During this time, the Organization of Amazon Basin Indigenous Peoples, or COICA, released a statement that included strong language regarding Miller's safety if he were to travel to Ecuador. It declared Miller "an enemy of Indigenous peoples in the Amazon Basin." The group later stated the organization would not be responsible for "the physical security of Mr. Miller ... ." Miller took the statements as a threat and complained to the U.S. State Department, the FBI and Congress.

Over the years, the IAF provided more than $1 million in support to COICA and now some officials within the administration and some in Congress were questioning U.S. support for an organization which they perceived as "terrorist." While COICA claimed that it was not and that the statement only underlined the seriousness of the issue, the IAF began to take the position, as a result of congressional pressure, that such statements were not acceptable.

Officials from the IAF met with representatives of COICA to ask for a retraction of the statement. COICA refused on the grounds the statement was not a threat and was formally approved by the organization. The IAF ceased all funding to COICA.

While relations between the IAF and COICA broke down, the Trademark Board agreed with petitioners and suspended Miller's patent on the plant. Then, forces within the U.S. government began to act against the IAF when Congress initiated dramatic cuts to the foundation budget.
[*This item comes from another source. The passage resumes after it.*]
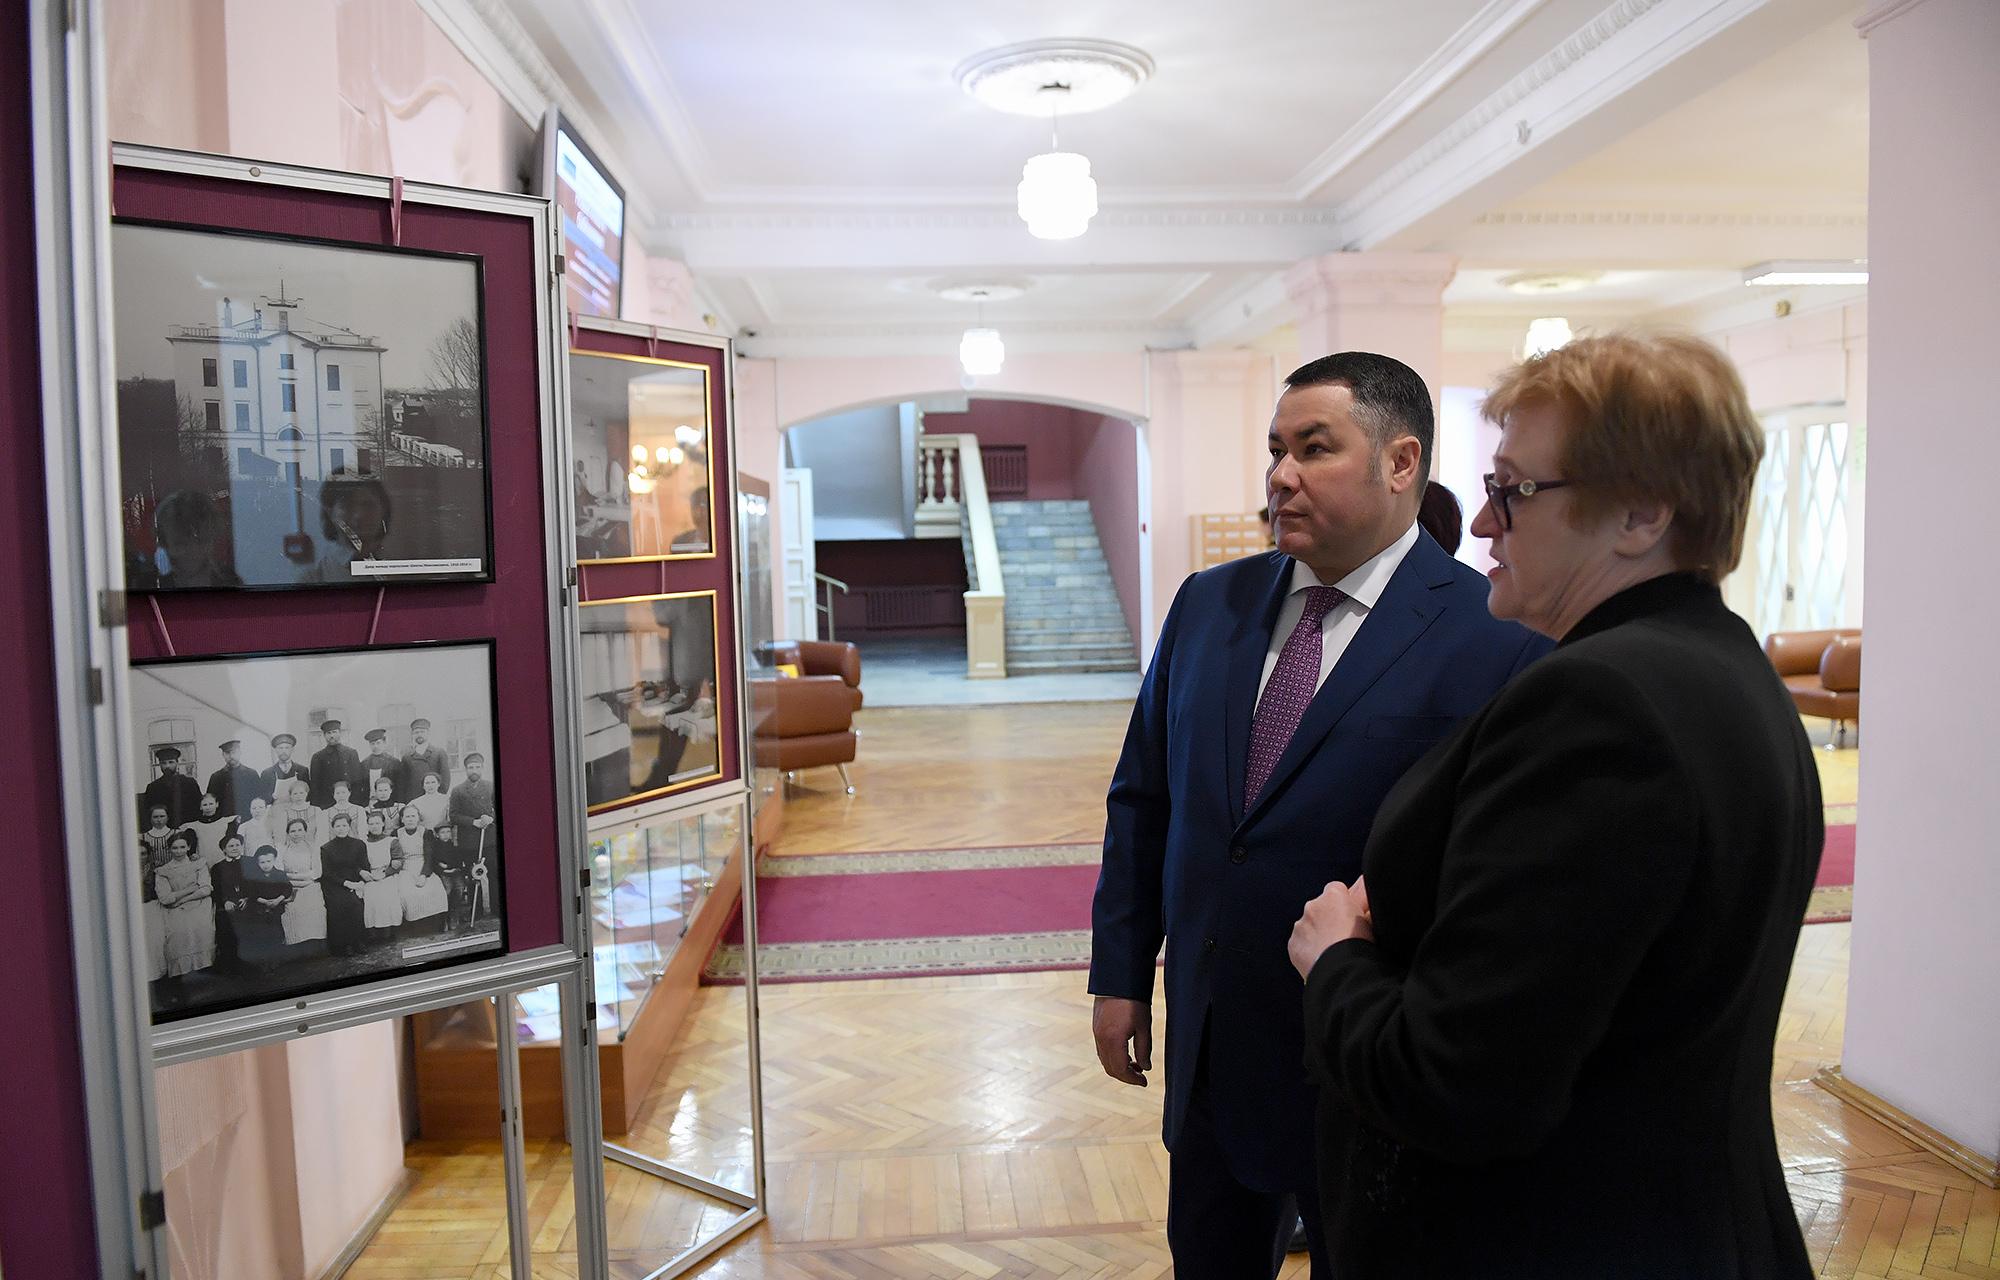 Игорь Руденя поздравил сотрудниц библиотеки с предстоящим Международным женским днём

IAF began with a congressional appropriation of $50 million as a block grant and worked unaffected by annual appropriations through its first decade of operation. However, it came under the authority of annual appropriations during the 1980s and since then funding has decreased, but not as dramatically as it did in 1999.

By then the agency's budget had been cut by a third and relations with some in Congress, like Jessie Helms, R-N.C., had become strained amid accusations the IAF supported leftists and terrorists.

Although the IAF has faced many challenges and political hurdles over the years and is working on a shoestring budget, its original goal remains and those who have worked for the foundation remain committed and stand upon the 30-year record of success.

Outlining the foundation's continuing commitment, Breslin stated in "Tribal Village to Global Village," a recent book published on Indigenous rights that, "No matter how poor their material conditions, people always have resources: intelligence, imagination, language, the skill of their hands, history, a sense of identity, a cultural heritage, pride, and a certain piece of land."

Despite unfortunate incidents like the ayahuasca patent and the Indigenous and congressional backlash, the IAF hopes to increase its annual funding and continue with the original mission "to serve communities in need," he said.